Written by Ono-jefe-eroro Mrakpor · 1 min read >

Accounting oh accounting why must you be so different (Complicated)

3 weeks later and 6 sessions in CFA, I have encountered some rather strange terms thrown around in class. I am already of the opinion that the founding fathers of accounting were a very secretive bunch so they gave their own meaning to normal English words, leaving me to play word and opposite with every new phrase I hear. There are some normal sounding ones like receivables and payables, or materiality and immateriality, that have direct meanings, however I get lost wrapping my head around credit and debits or qualified and unqualified. This is a little summary of my exploration into the meaning of some accounting concepts.

THE CONCEPT OF MATERIALITY

The materiality concept states that transactions of minimal significance should not be disclosed. Materiality is evaluated based on size and relevance. This will be subjective as an amount that is deemed insignificant by a large company might seem to be a lot for a smaller company.

A transaction is termed material when its omission or misstatement in a financial report will impact the decision of a stakeholder, and the opposite is the case for immaterial transactions.

OBJECTIVITY PRINCIPLE

The objectivity principle states that the financial statements a company produces must be based on solid evidence. This aims to ensure that the financial information is unbiased and free from internal or external influences. The objectivity concept cuts across many levels governing how financial reports are produced and audited. This insures investors’ trust in the authenticity of financial statements.

GOING CONCERN

Now what do you mean by going concern?
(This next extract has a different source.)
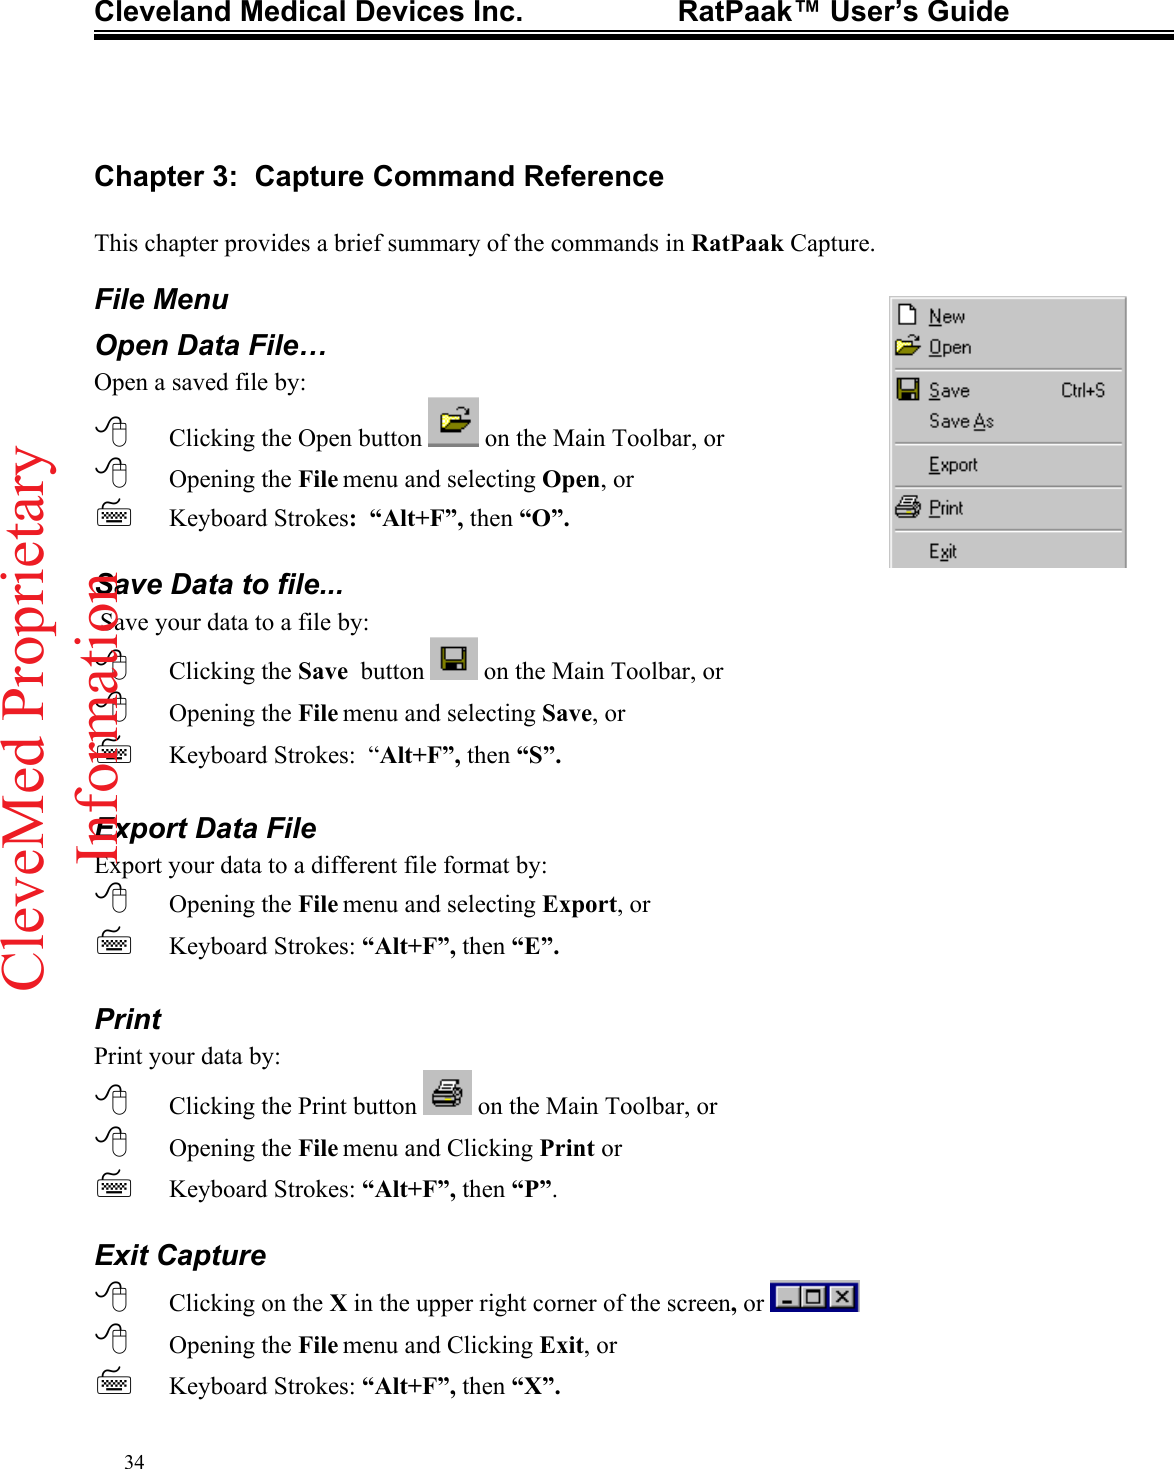 Cleveland Medical Devices Inc.                   RatPaak™ User’s Guide   Chapter 3:  Capture Command Reference  This chapter provides a brief summary of the commands in RatPaak Capture. File Menu Open Data File… Open a saved file by:  Clicking the Open button   on the Main Toolbar, or  Opening the File menu and selecting Open, or  Keyboard Strokes:  “Alt+F”, then “O”.  Save Data to file...  Save your data to a file by:  Clicking the Save  button   on the Main Toolbar, or  Opening the File menu and selecting Save, or  Keyboard Strokes:  “Alt+F”, then “S”.  Export Data File Export your data to a different file format by:  Opening the File menu and selecting Export, or     Keyboard Strokes: “Alt+F”, then “E”.  Print Print your data by:  Clicking the Print button   on the Main Toolbar, or  Opening the File menu and Clicking Print or  Keyboard Strokes: “Alt+F”, then “P”.  Exit Capture  Clicking on the X in the upper right corner of the screen, or    Opening the File menu and Clicking Exit, or  Keyboard Strokes: “Alt+F”, then “X”. 34CleveMed ProprietaryInformation

After thought? I shouldn’t think about it? My concern came and now it’s going? This is one of those weird terms I was talking about, and apparently going concern is a good thing.

Going concern is an accounting term that means a company is financially stable enough to meet its obligations and continue doing business for the foreseeable future. This title of going concern allows the company to defer certain expenses and assets in the financial report (e.g., startup costs, depreciation costs on tangible assets).

CREDITS AND DEBITS (Double Entry)

I grew up with the idea that debits (bank alerts) meant was subtracted while credits meant money was added. Things seem to be not so straight forward in accounting, where debits means increase and credits means decrease, although not the case all the time, as there as specific rules to follow that I am yet to learn. For now, all I know is that debit is at the left side of the accounting entry and it increases assets and expenses, and decreases liabilities and revenue; while credit on the right side, increases liabilities and revenues and decreases assets and expenses. Debits and credits are a way of showing where value is coming from and where it is going. Debit is the receiving side, and credit is the giving side. Remember every transaction must maintain the balance: assets = liabilities + equity.